--- START ---

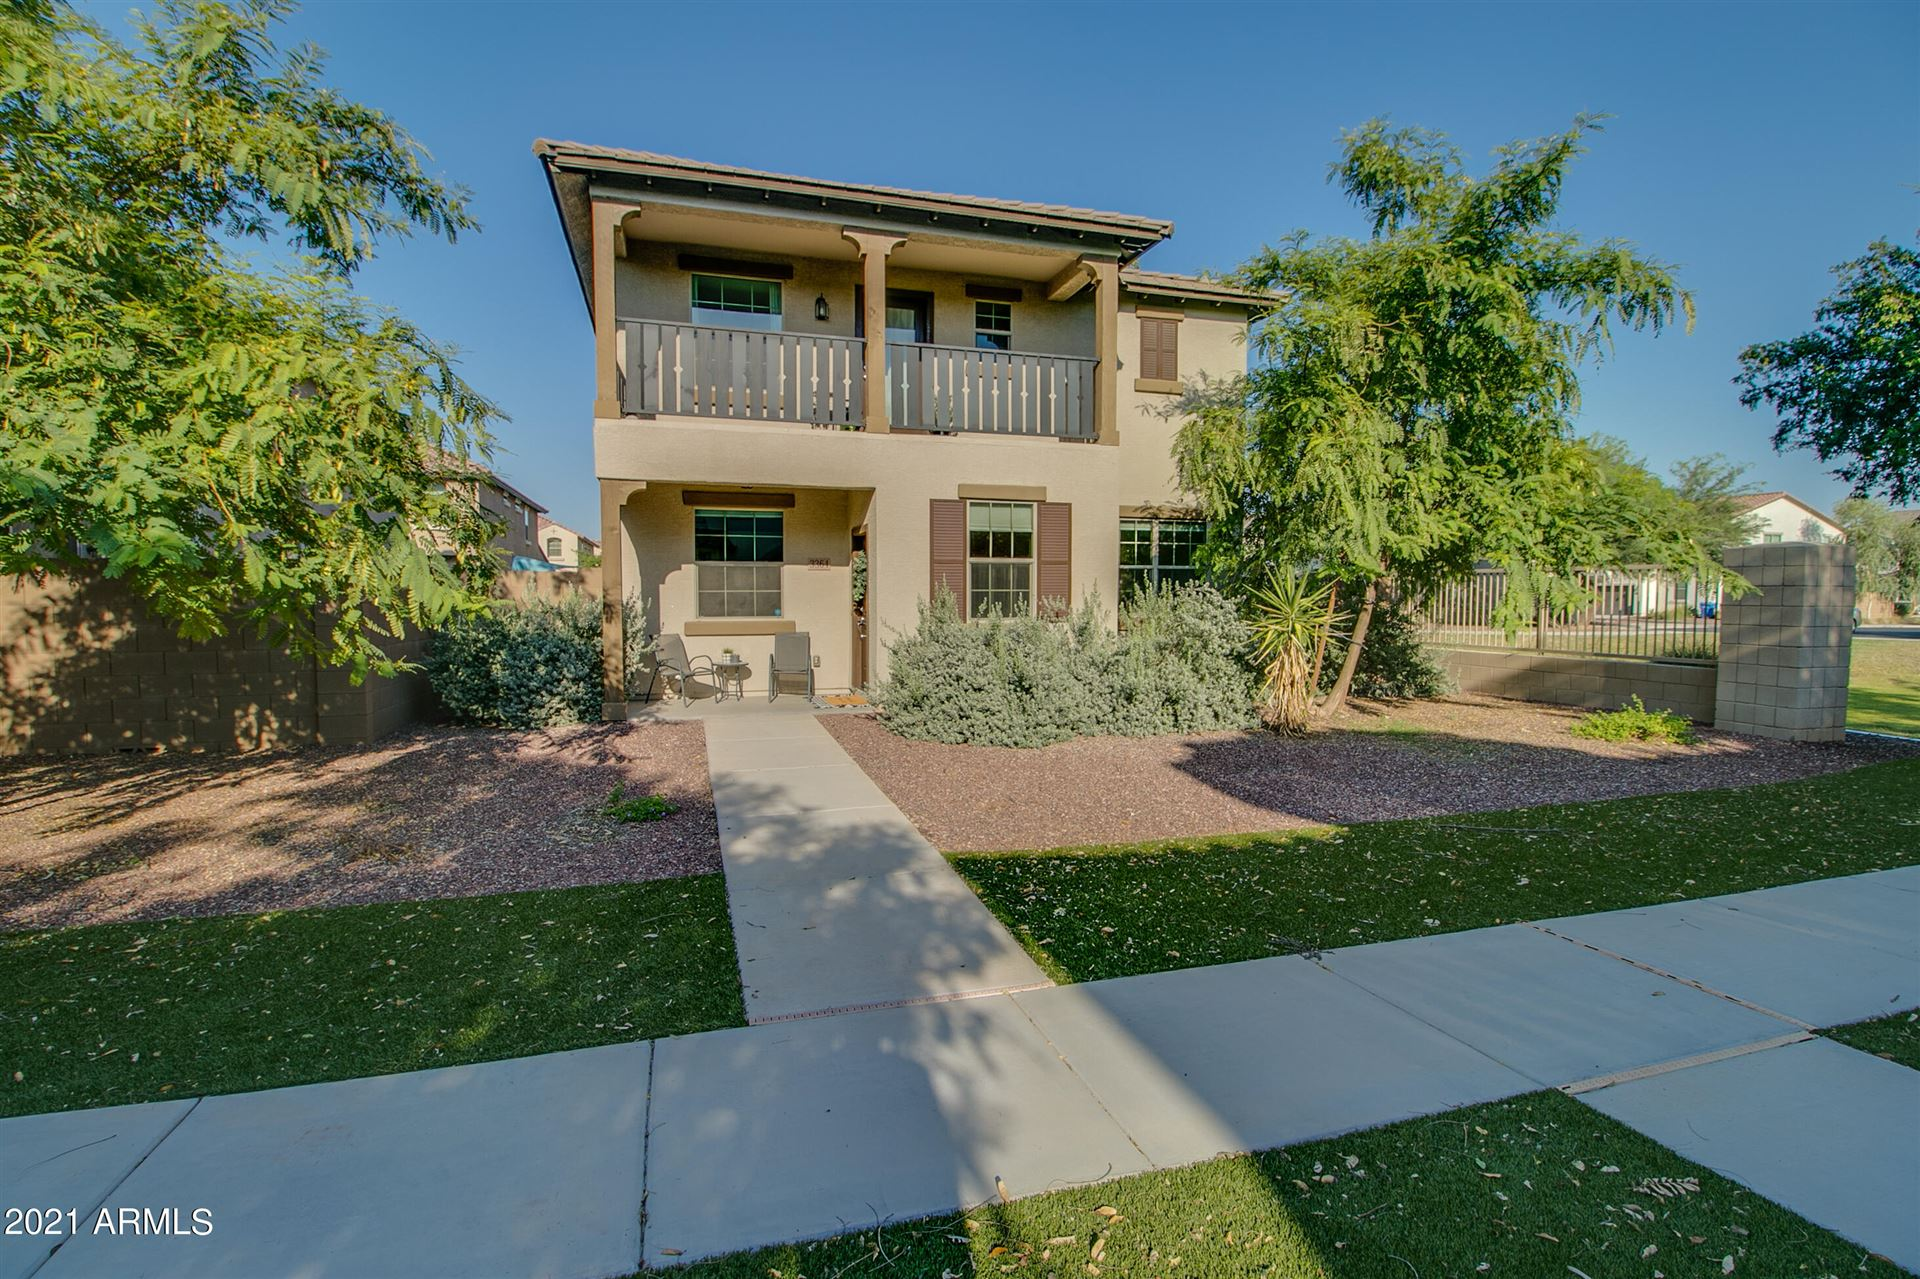 Photo of 3364 W HAYDUK Road, Laveen, AZ 85339 (MLS # 6291939)
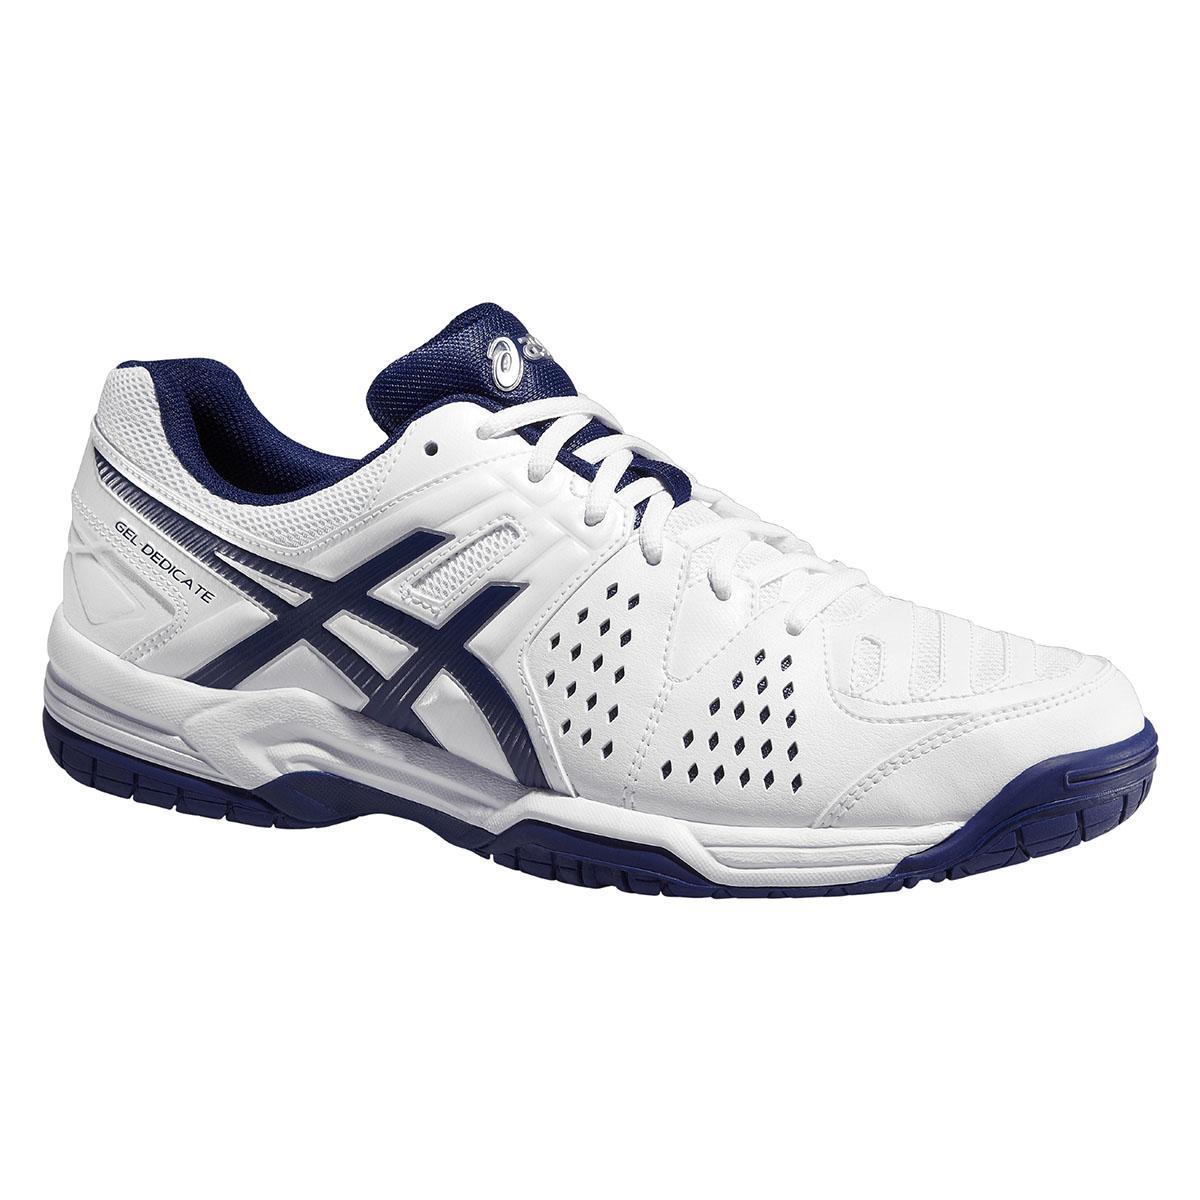 huge selection of 7b370 d5740 Asics Mens GEL-Dedicate 4 Tennis Shoes - White Navy - Tennisnuts.com
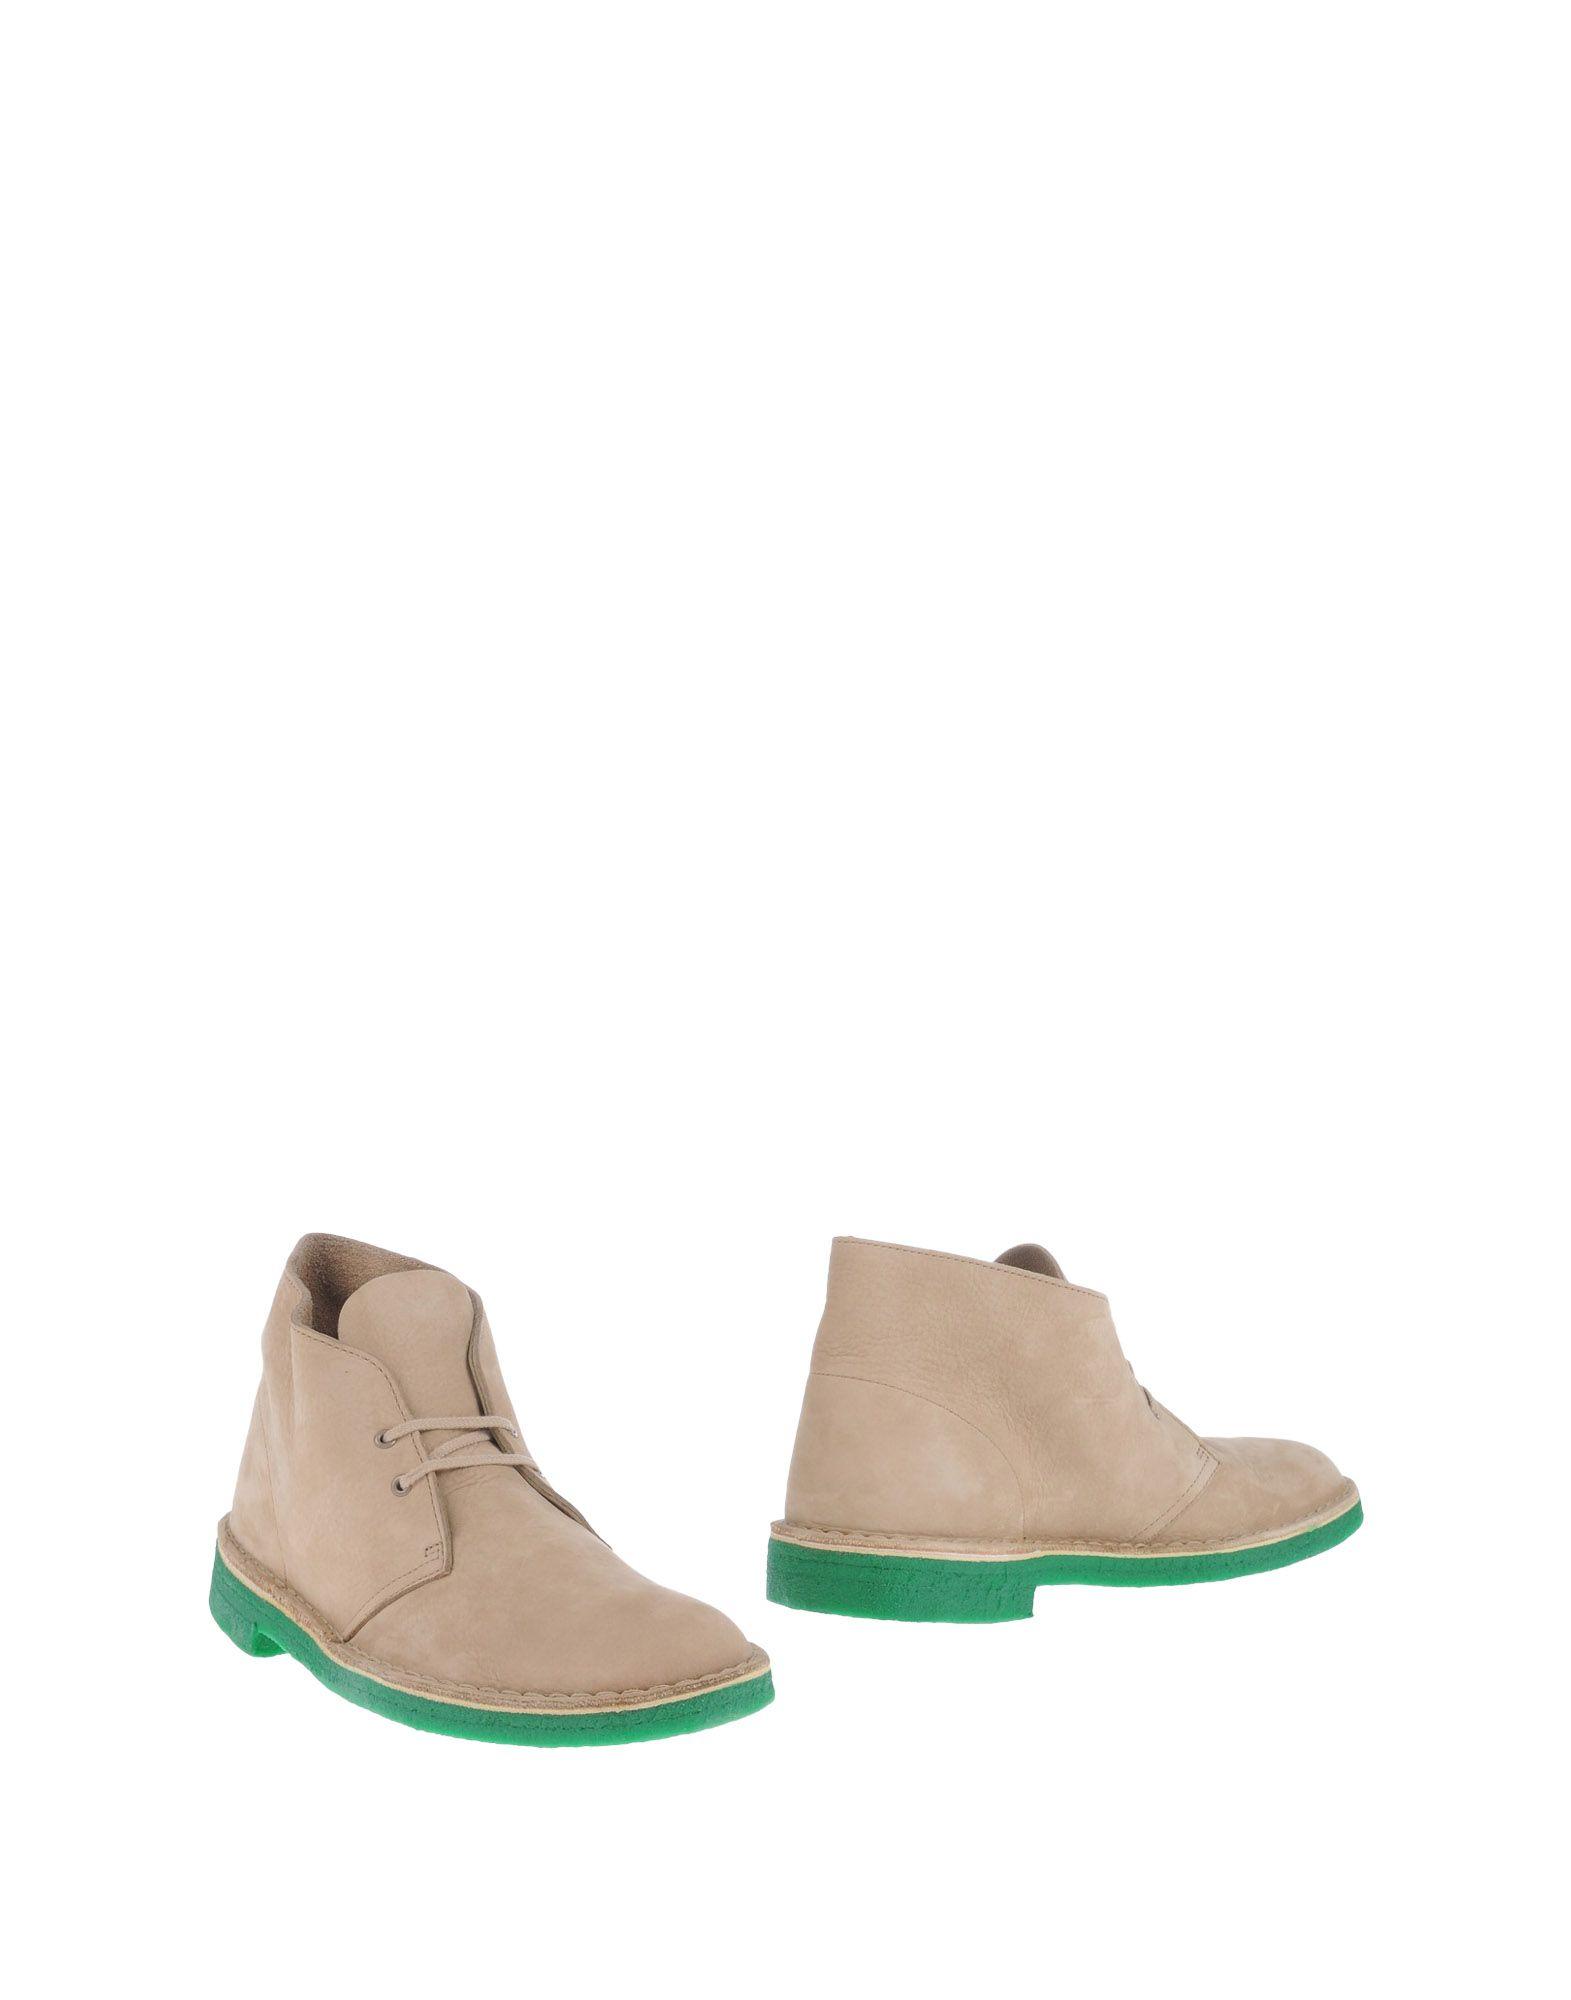 Rabatt echte Stiefelette Schuhe Clarks Originals Stiefelette echte Herren  11173723UC 590002

--- END ---

● WHAT IS BEING ASKED: Leaving the pictures out, transcribe word for word the lines from the one with "huge selection of" to the end of the material above, inclusive, and nothing else.

● WRITTEN SOLUTION:
 huge selection of 7b370 d5740 Asics Mens GEL-Dedicate 4 Tennis Shoes - White Navy - Tennisnuts.com
 Rabatt echte Stiefelette Schuhe Clarks Originals Stiefelette echte Herren  11173723UC 590002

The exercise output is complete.